The Nawab had collected an army of 50,000 men. Clive had 3000, of whom less than 1000 were English. The question was—should they fight? Meer Jaffier had promised to desert his master, but he might not keep his promise; he certainly would not unless Clive could make him feel sure that the English were going to win the day. A council of war was held. The majority was against fighting, and Clive, strange to say, was one of the majority. But a commander can always overrule the decision of a council, and Clive had to consider again what was to be done. He retired into a clump of trees, and there thought the matter out, with this result—that he determined to fight. The next morning he crossed the river, and marching during the day, found himself at night-fall within reach of the enemy's army.

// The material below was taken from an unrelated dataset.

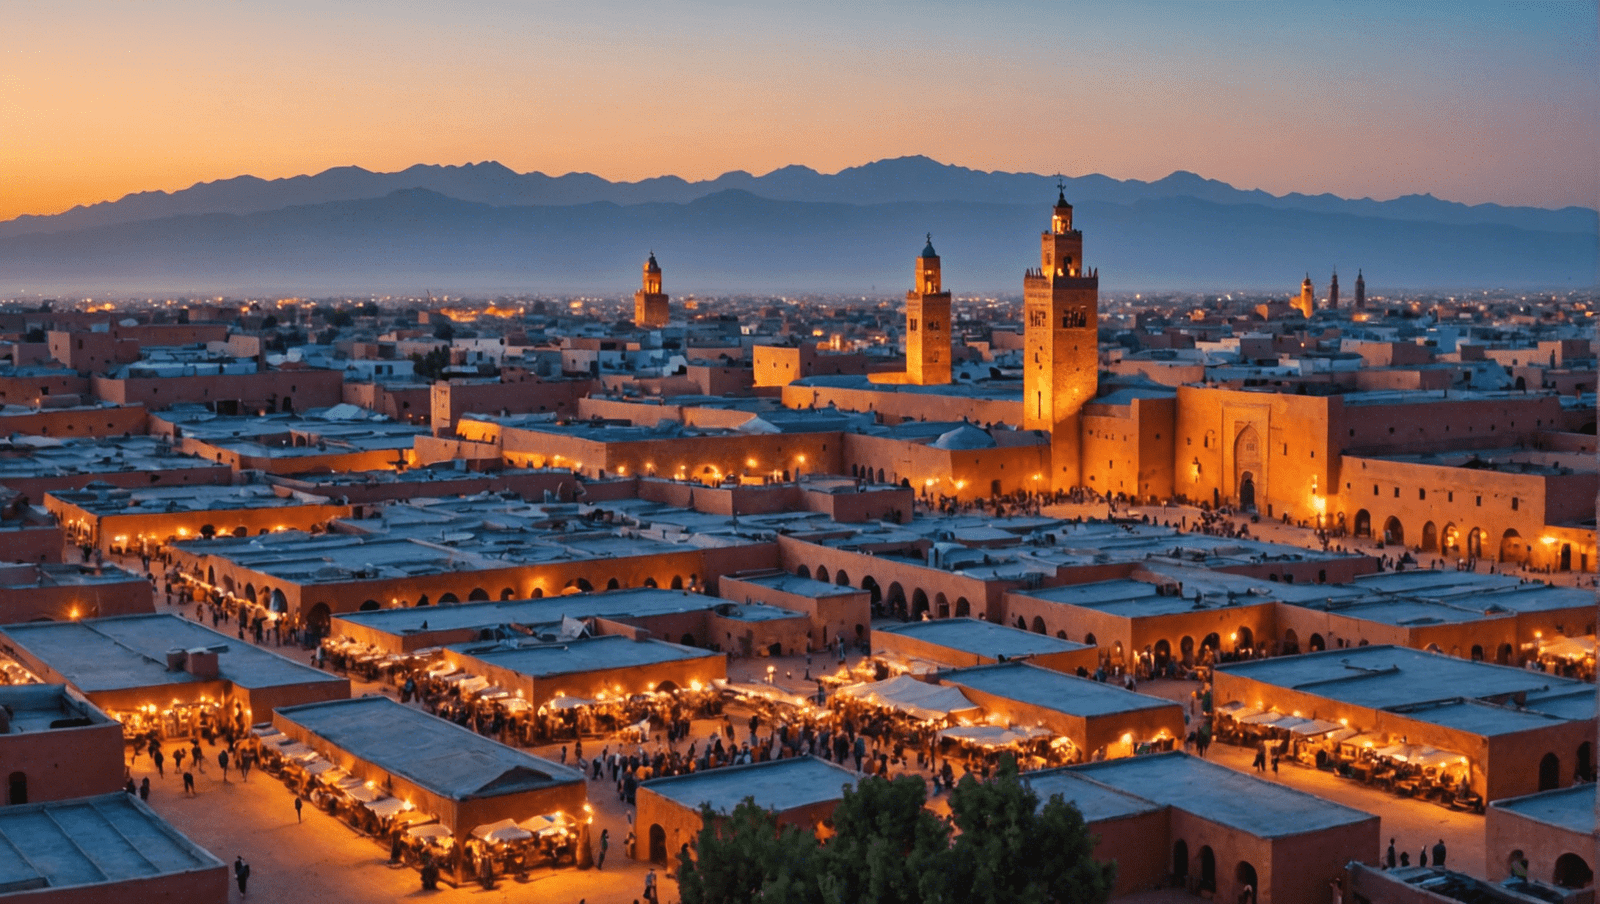 découvrez marrakech : guide de voyage et astuces - plongez dans la magie de marrakech, explorez ses merveilles, ses sites emblématiques et ses secrets grâce à notre guide complet et bénéficiez de précieuses astuces pour un séjour inoubliable.

The next day, June 23, the Nawab drew up his forces in order of battle. Clive's army was in front of a mango grove. He had one regiment, the 39th. This he put in the centre, the native troops and the few small guns that he had being on either side. Cavalry he had none. The Nawab had 12,000, 36,000 infantry, and a number of heavy guns, some of them served by French artillerymen. The Nawab's guns opened fire with such effect that Clive had to withdraw into the mango grove, which was protected by mud-banks all round it. Here he intended to wait. At night he would attack the enemy's camp. While he waited a heavy storm of rain came on, and so spoilt the enemy's powder that the cannonade was almost stopped. The commander of the Nawab's cavalry, Meer Mudin, thinking that the English guns also were disabled, advanced to attack Clive's position. But the guns had been under cover, and fired a discharge of grape shot which drove the enemy back in confusion, Meer Mudin himself being killed. The Nawab, dismayed at this reverse, ordered his army to retreat into the camp, and himself fled from the field. Clive now advanced with his whole force. The French artillerymen offered a brave resistance, but there was no one to support them. As for the Nawab's infantry, they fled almost without waiting for a blow. The Nawab had deserted his army early in the day, and the rest of their leaders followed the example of their chief. Clive won the battle, and with it a vast extent of territory, at a cost of less than a hundred in killed and wounded. This was the first great victory of Plassey.